The USS Green Bay, a hulking warship that transports and lands Marines throughout the Indo-Pacific, will switch its home port to San Diego Monday, creating a big pay day for a local shipyard.
The 684-foot vessel, which has been stationed in Japan for years, will enter the BAE Systems yard in Barrio Logan in February to undergo repairs and upgrades that could cost as much as $239 million, the Pentagon says.
The contract could have a stabilizing influence on BAE, whose workforce has dropped by nearly half since 2023, falling to about 650.
The company has struggled to pull in large new contracts, although things have picked up lately. BAE was recently awarded a $178 million contract by the Pentagon to repair and modernize the USS Halsey, a guided-missile destroyer.

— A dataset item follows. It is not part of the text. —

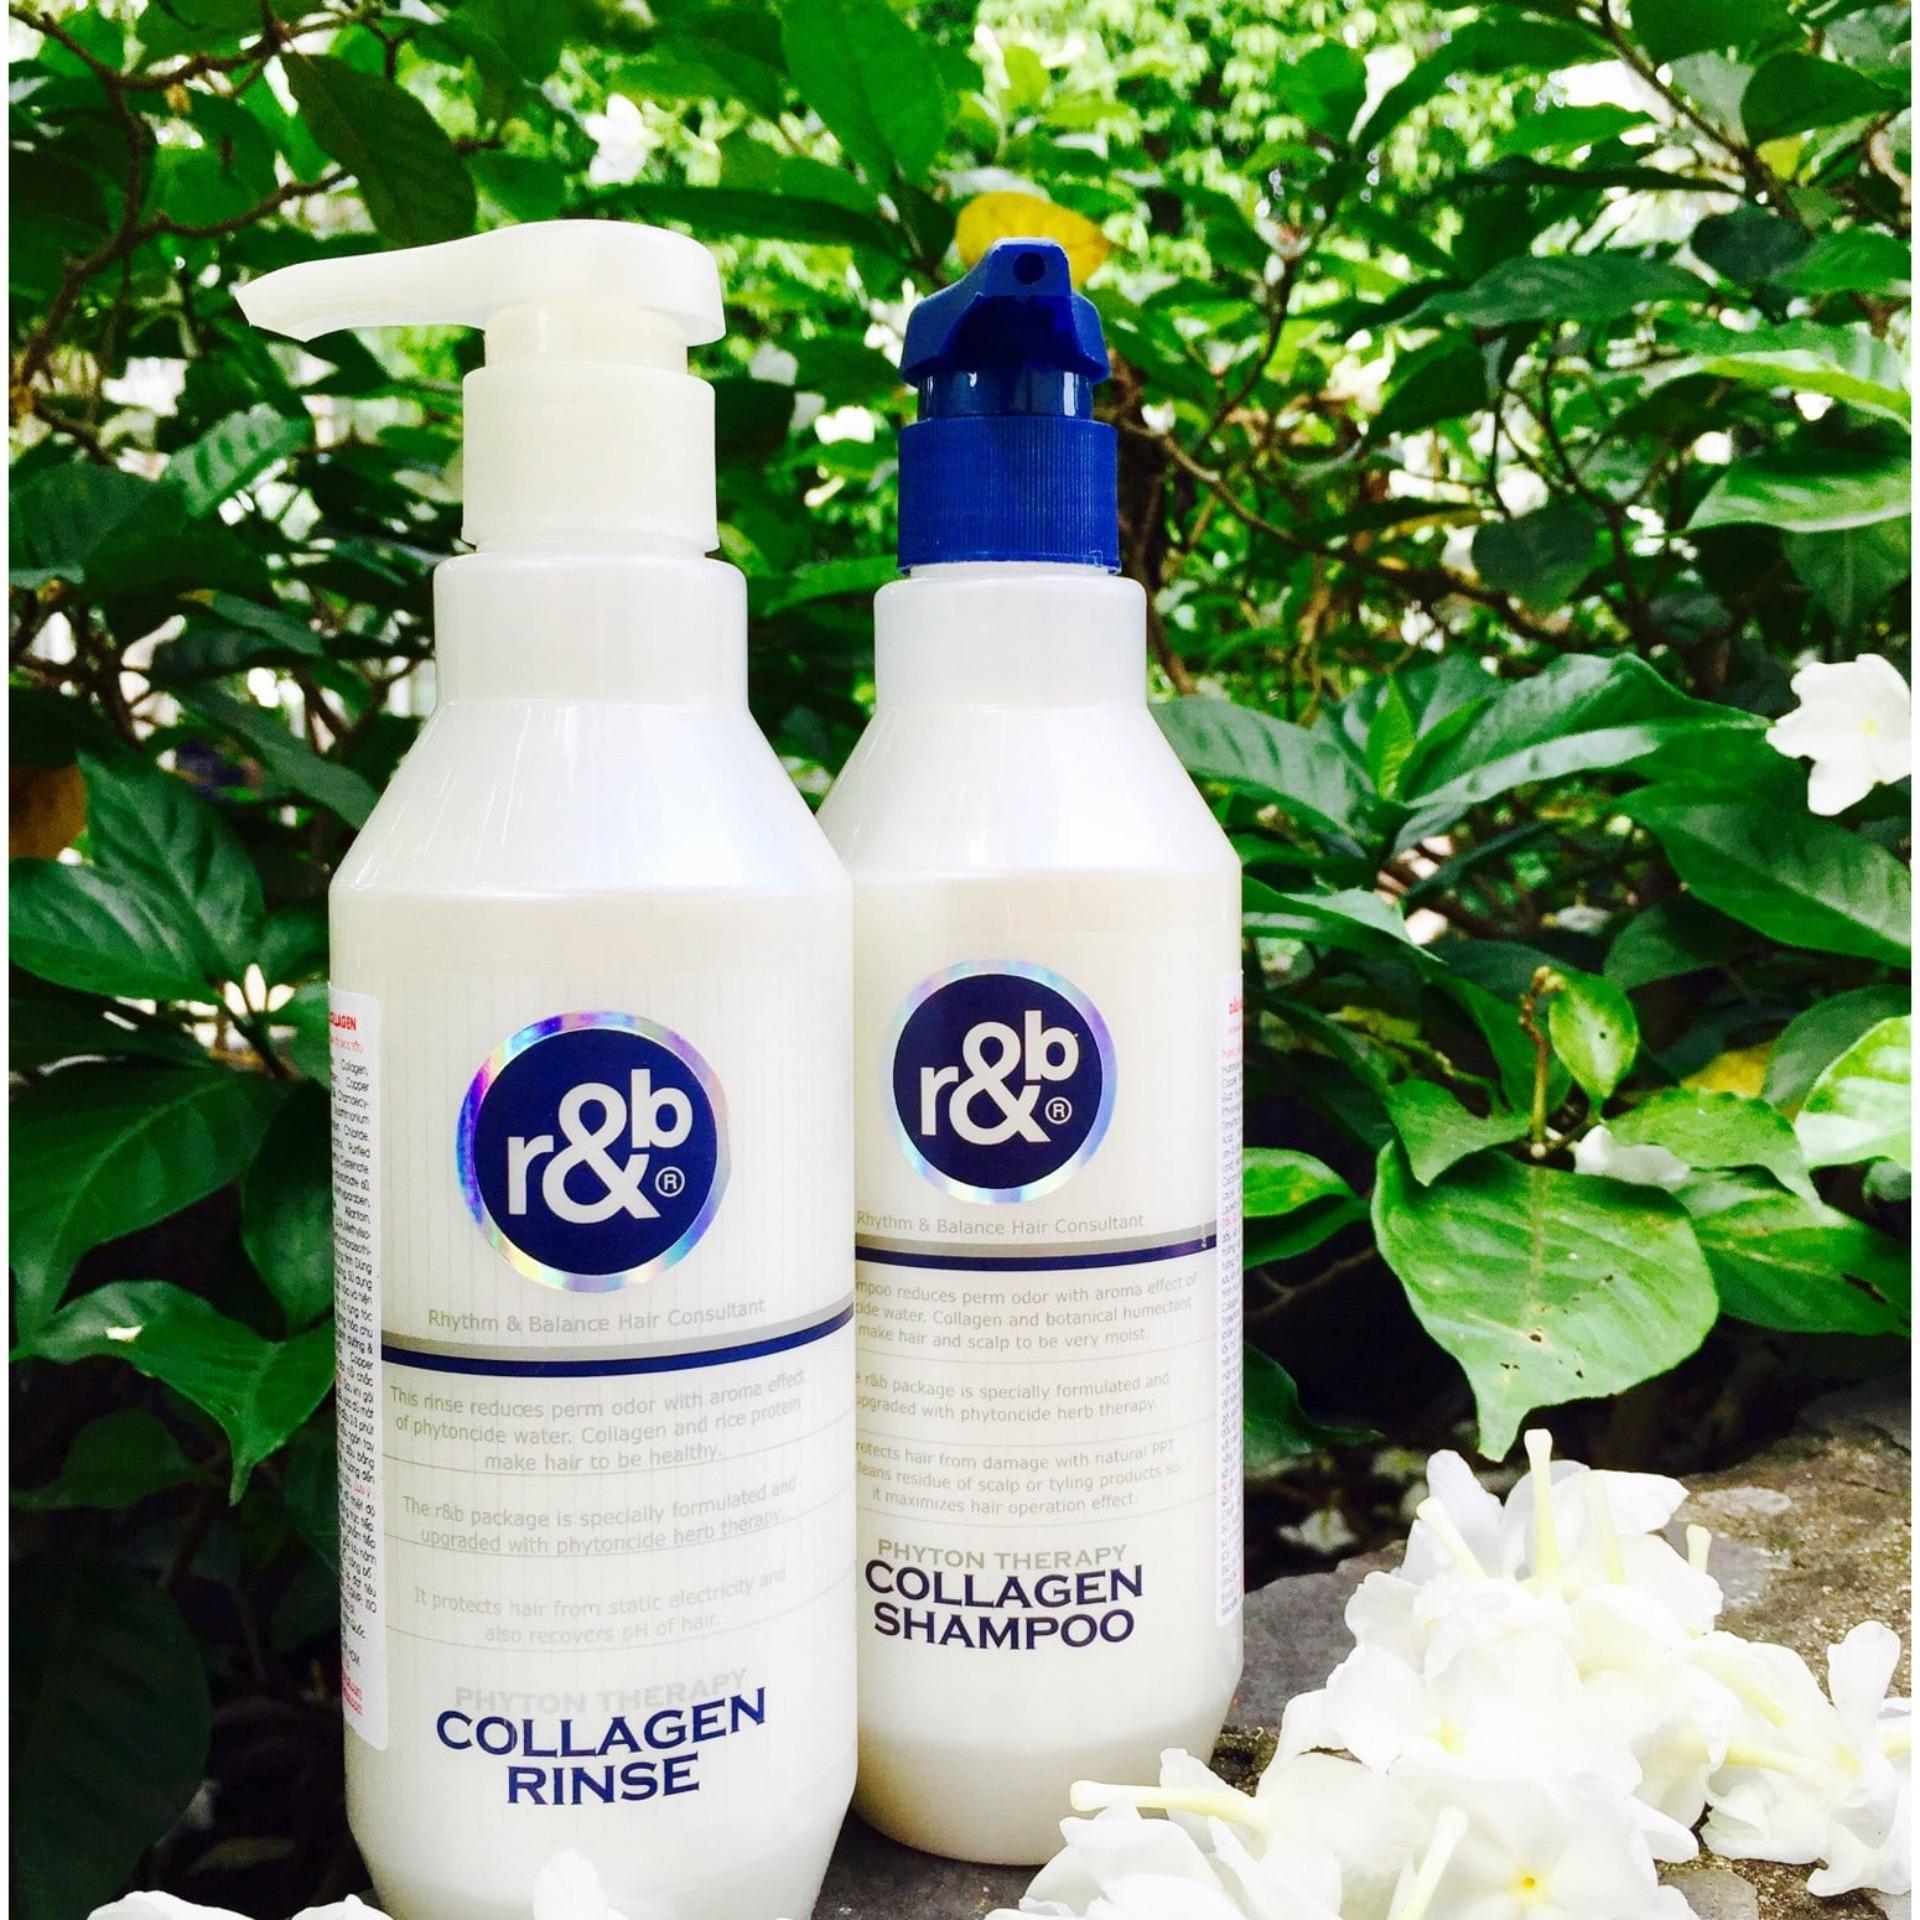 dầu xả tóc collagen sạch sâu, giảm mùi hôi hoá chất trên tóc, ngăn ngừa tóc bạc sớm & mềm mượt R&B Collagen Rinse, hàn quốc 1500ml

The agency also just gave Continental Maritime, a competing San Diego shipyard, a $64 million contract to repair and upgrade the USS Russell, another Arleigh Burke-class destroyer.
The Russell returned from a consequential eight-month deployment in October, part of which was spent helping to protect the San Diego-based aircraft carrier USS Theodore Roosevelt in the Middle East. The TR had been ordered to the region to help protect Israel from possible attack by Iran.
The region has been a perilous site for local warships. The U.S. Central Command said that two San Diego-based destroyers, the USS Stockdale and USS O’Kane, knocked down missiles fired on Sunday and Monday in the Gulf of Aden by the Houthis.
“The destroyers were escorting three U.S. owned, operated, flagged merchant vessels and the reckless attacks resulted in no injuries and no damage to any vessels, civilian or U.S. Naval,” Central Command said in a statement.